Explaining traditions

When our first son, Karsten, was just over a year old, I thought about our meager Christmas traditions. I tried to see them through the eyes of a curious toddler. I imagined the conversations he and I might have during the month:

“Huzz-at?”

“Candles.”

Then I mentally supplied the question he wouldn’t even know yet to ask:

“Why candles?”

“Why?” I realized that was a question I was going to have to answer from now on, not just for Christmas traditions that particular year, but for all years and everyday. At that moment I knew that “just because” was no answer. Nor was “because that’s the way Grandmother or Granddaddy do it” or “because it’s pretty” or “because it’s convenient” or “because that’s what everybody does.”

Children will ask why

In the book of Exodus, Moses displays his understanding of the nature of children and the responsibility of parents: “And when your children say to you, ‘What do you mean by this service?’ you shall say, ‘It is the sacrifice of the LORD’s Passover, for he passed over the houses of the people of Israel in Egypt'” (12:26-27).

Moses assumes children will ask why. And he instructs parents to give an answer that speaks of reality. This instruction is all in the context of laying out for children ceremonies that will portray the answer. He is giving them the answer, both spoken and displayed. And the answer is God—God saved us, and we honor him, worship him, thank him. We and our children need this kind of yearly repetition to impress us with the weight of what God has done.

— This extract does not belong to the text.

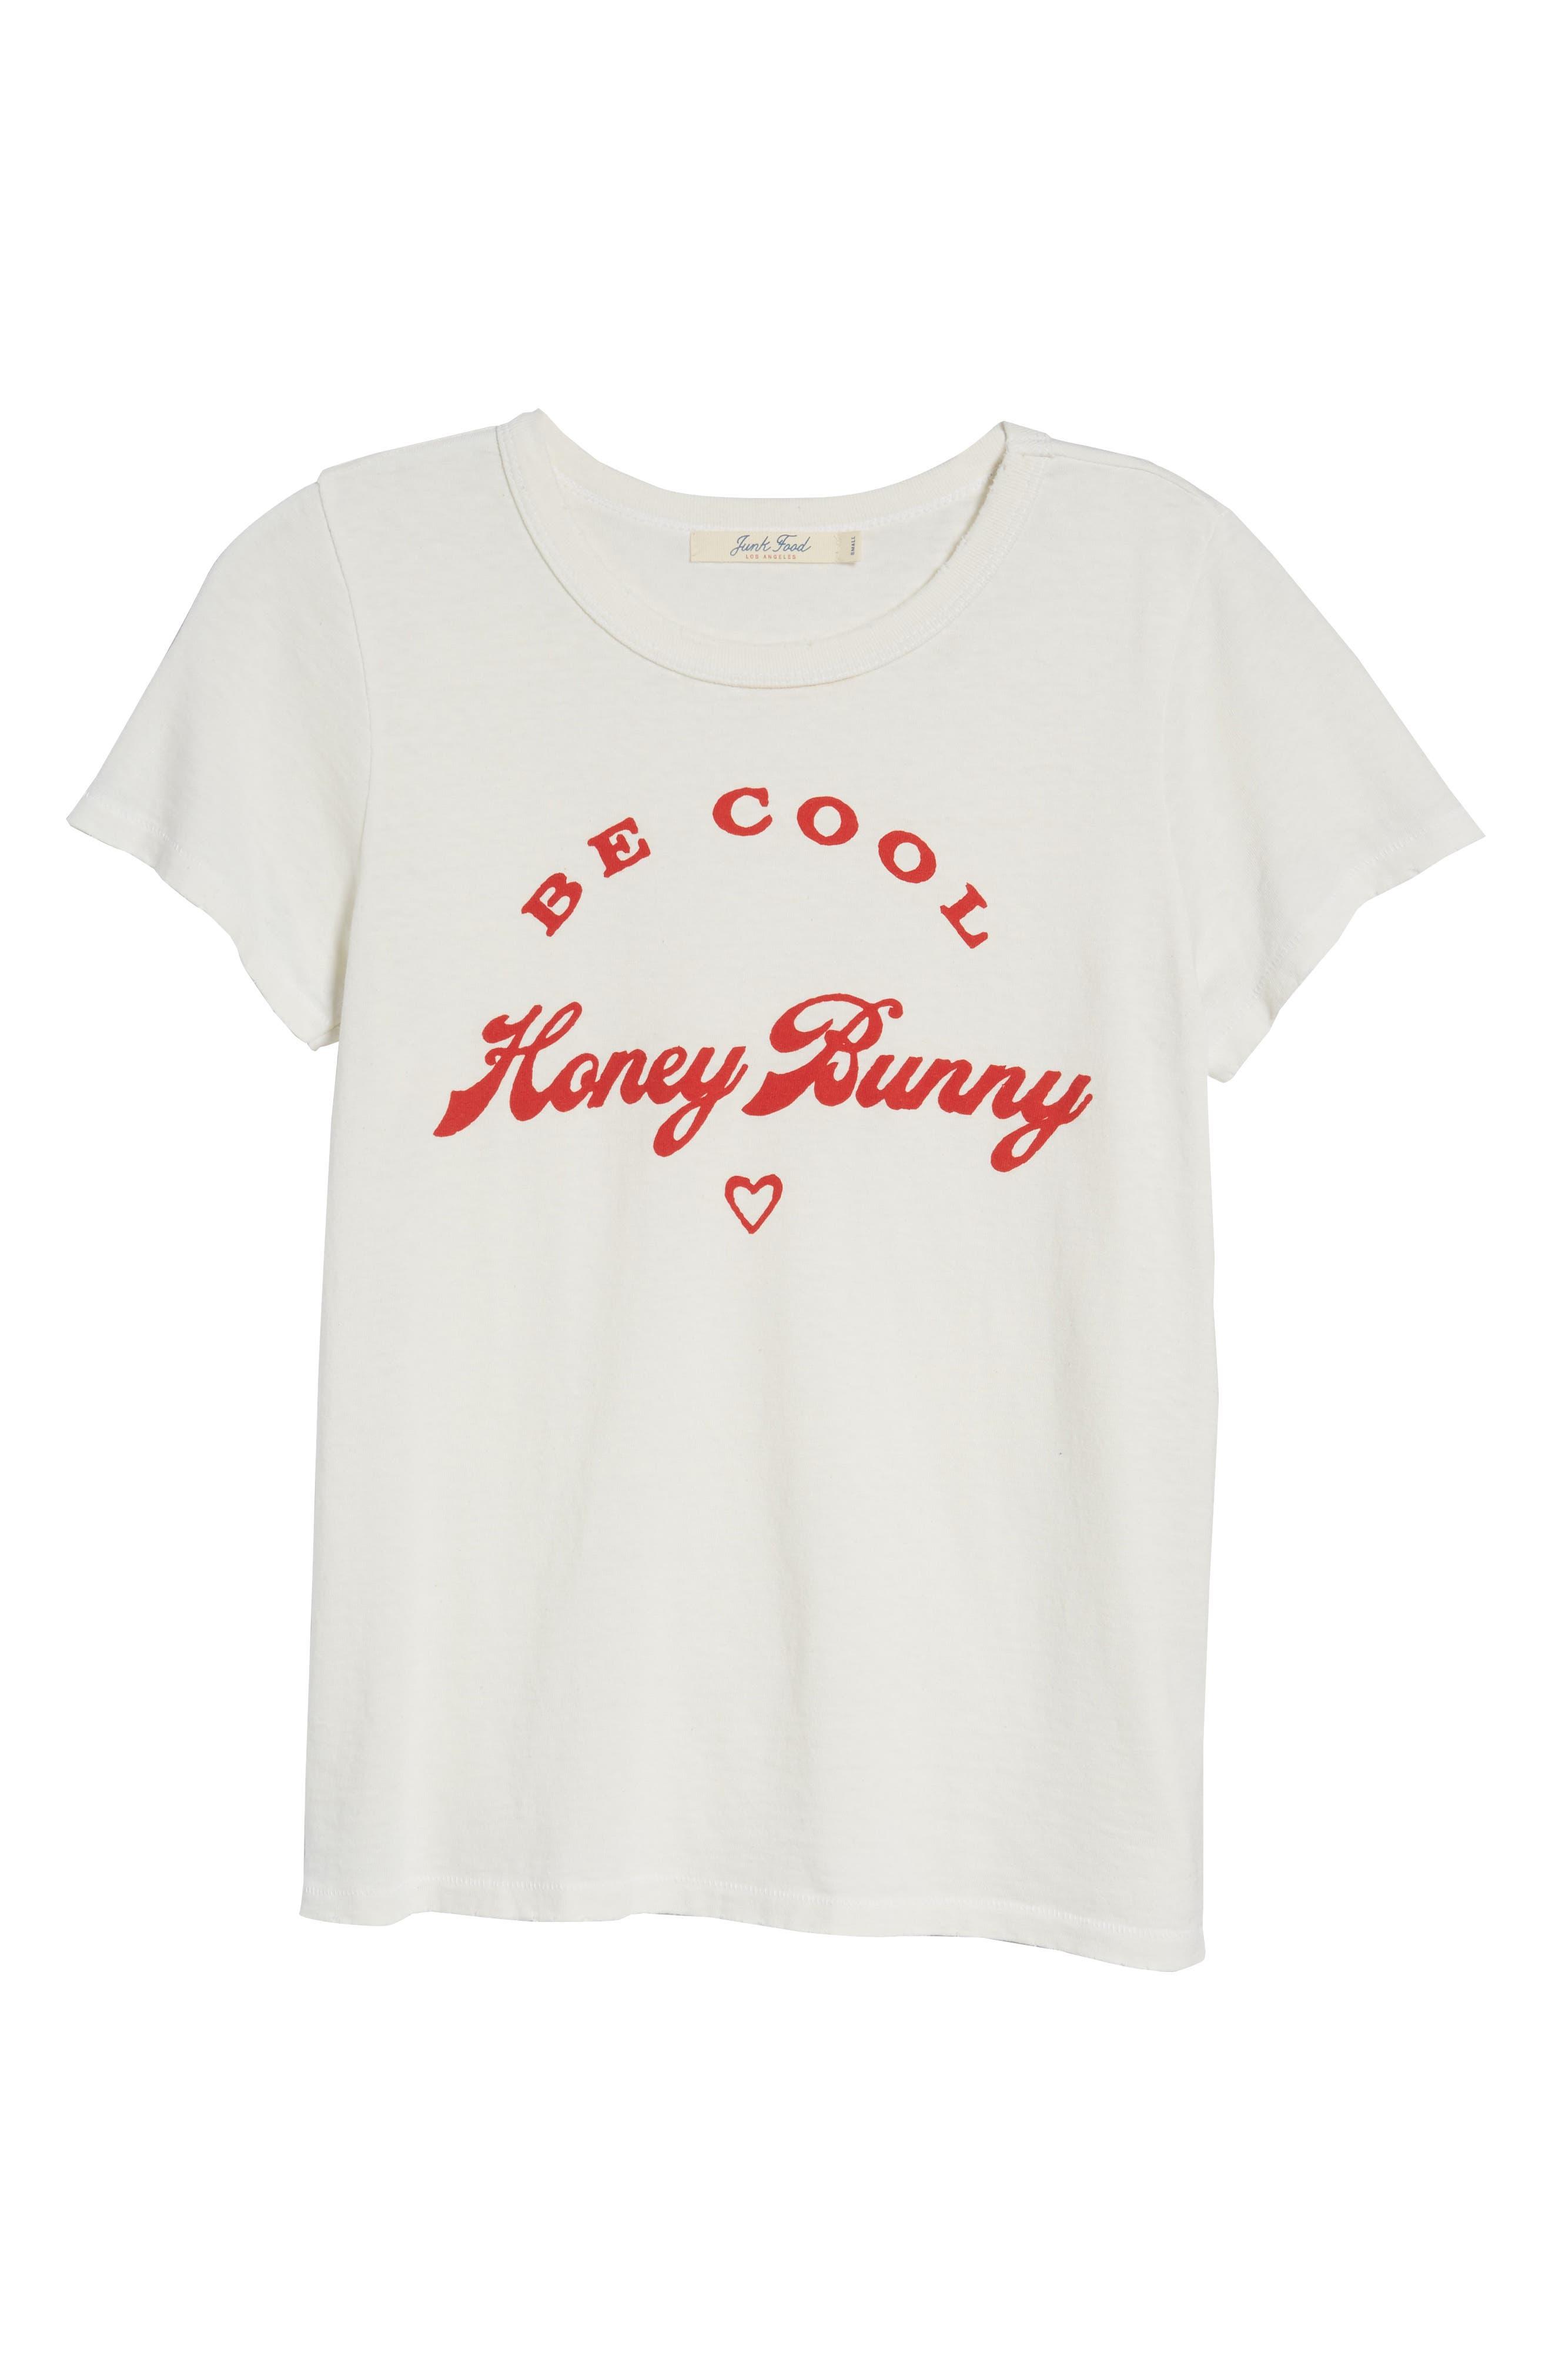 Honey Bunny Tee,                             Alternate thumbnail 7, color,                             110

Traditions are important for another reason. We’ve already seen one huge difference between the inheritance we receive from God and the one we receive from our physical families: God is both our Father and our present and future inheritance, our heirloom.

Only God can bequeath God

There’s another big difference between this inheritance and any other that we might receive: You can’t bequeath God to your children. You can leave them the forested acres from your father, the carved cane from Uncle Claude, and the clock from your grandmother, but they can’t inherit God from you. God can only be inherited from God.

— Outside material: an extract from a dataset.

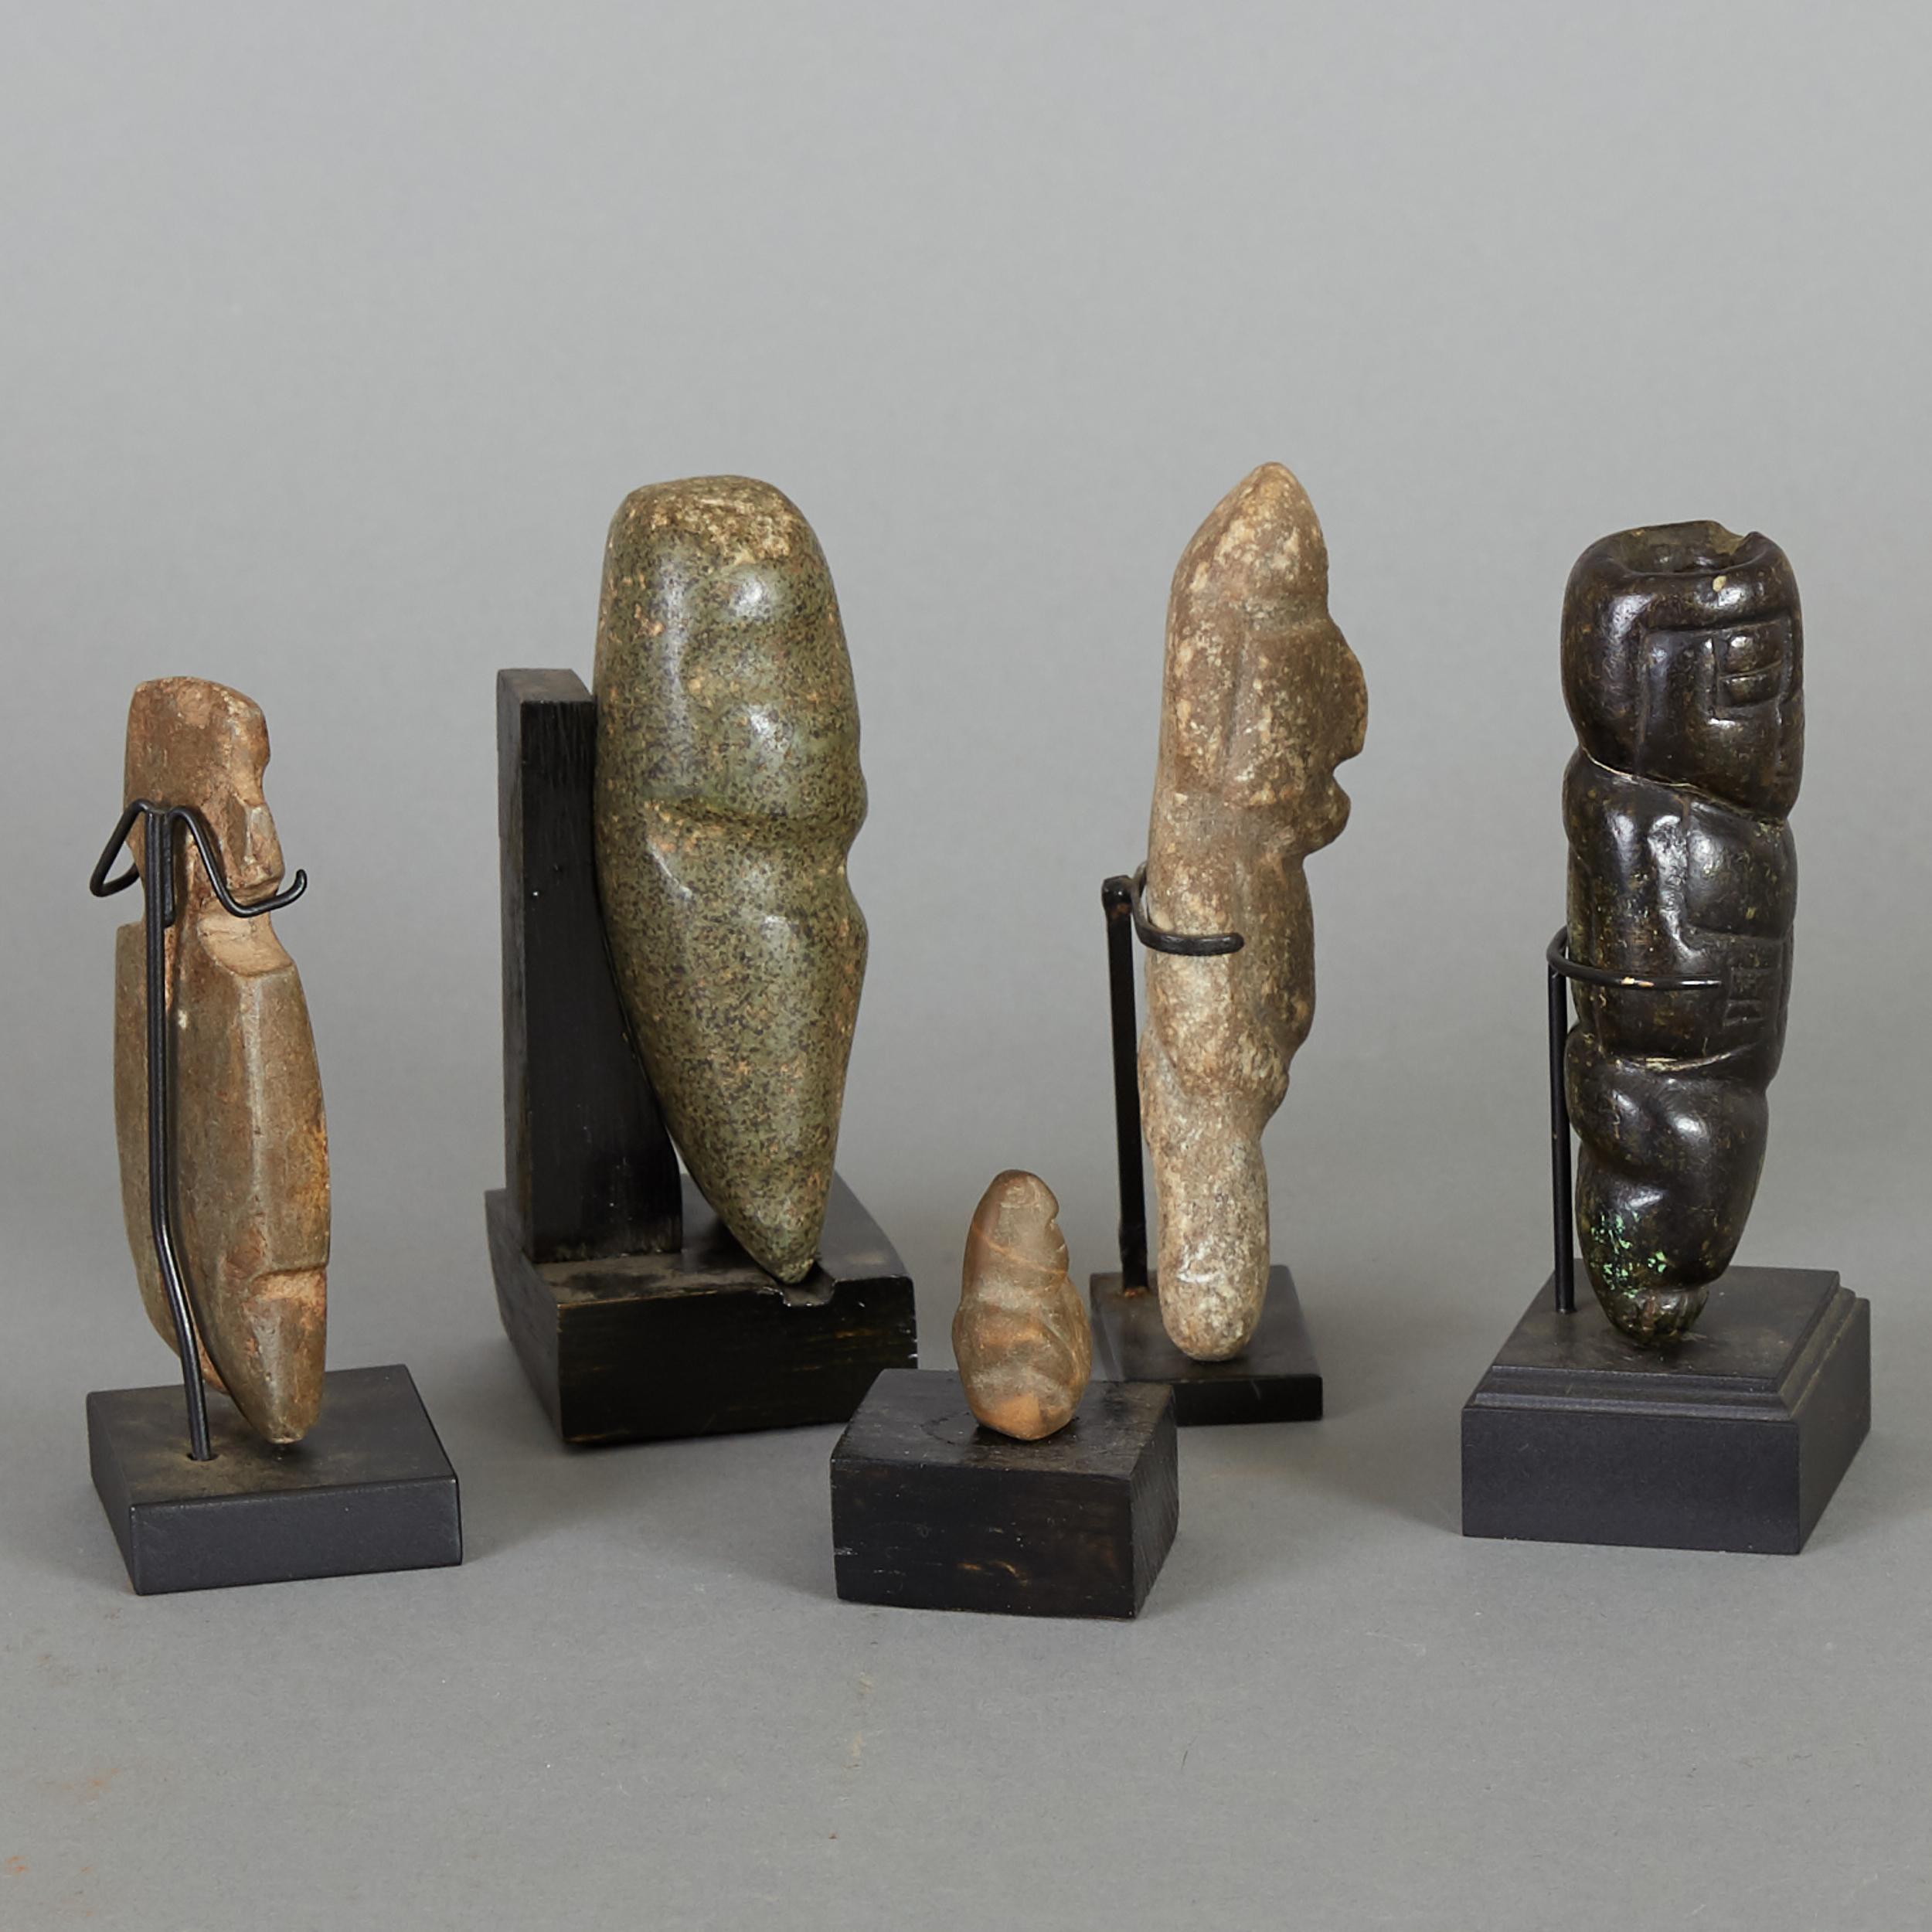 Lot 192 - 5 Pre-Columbian Stone Figurines

That’s what my mother was saying one night when I was six. As she kissed me good night and tucked me in, she said, “Now that you’re trusting Jesus as your Savior, I’m your mother and your sister.” She was acknowledging the words of Galatians 3:26: “In Christ Jesus you are all sons of God, through faith.”

We only become God’s children through our faith, not through our parents’ faith. I had gained a relationship with God in the same way she had. We both had become his daughters by adoption, through faith. I was not God’s granddaughter who inherited God through my mother’s relationship with him. I was God’s daughter who inherited God directly from God.

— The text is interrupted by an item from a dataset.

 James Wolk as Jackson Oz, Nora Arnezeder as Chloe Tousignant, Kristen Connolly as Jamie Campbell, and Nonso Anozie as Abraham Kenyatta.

John 1:12 tells us, “To all who did receive him, who believed in his name, he gave the right to become children of God.” Although we cannot bequeath God to our children, we can help them know him and understand him in ways that prepare them to believe in his name.

“Everyday” and “especially” traditions in a family are an important part of that teaching, of picturing who God is and what he’s done in our home and in the world. Traditions are a vital way of displaying our greatest treasure, of showing what—Who—is most important to us.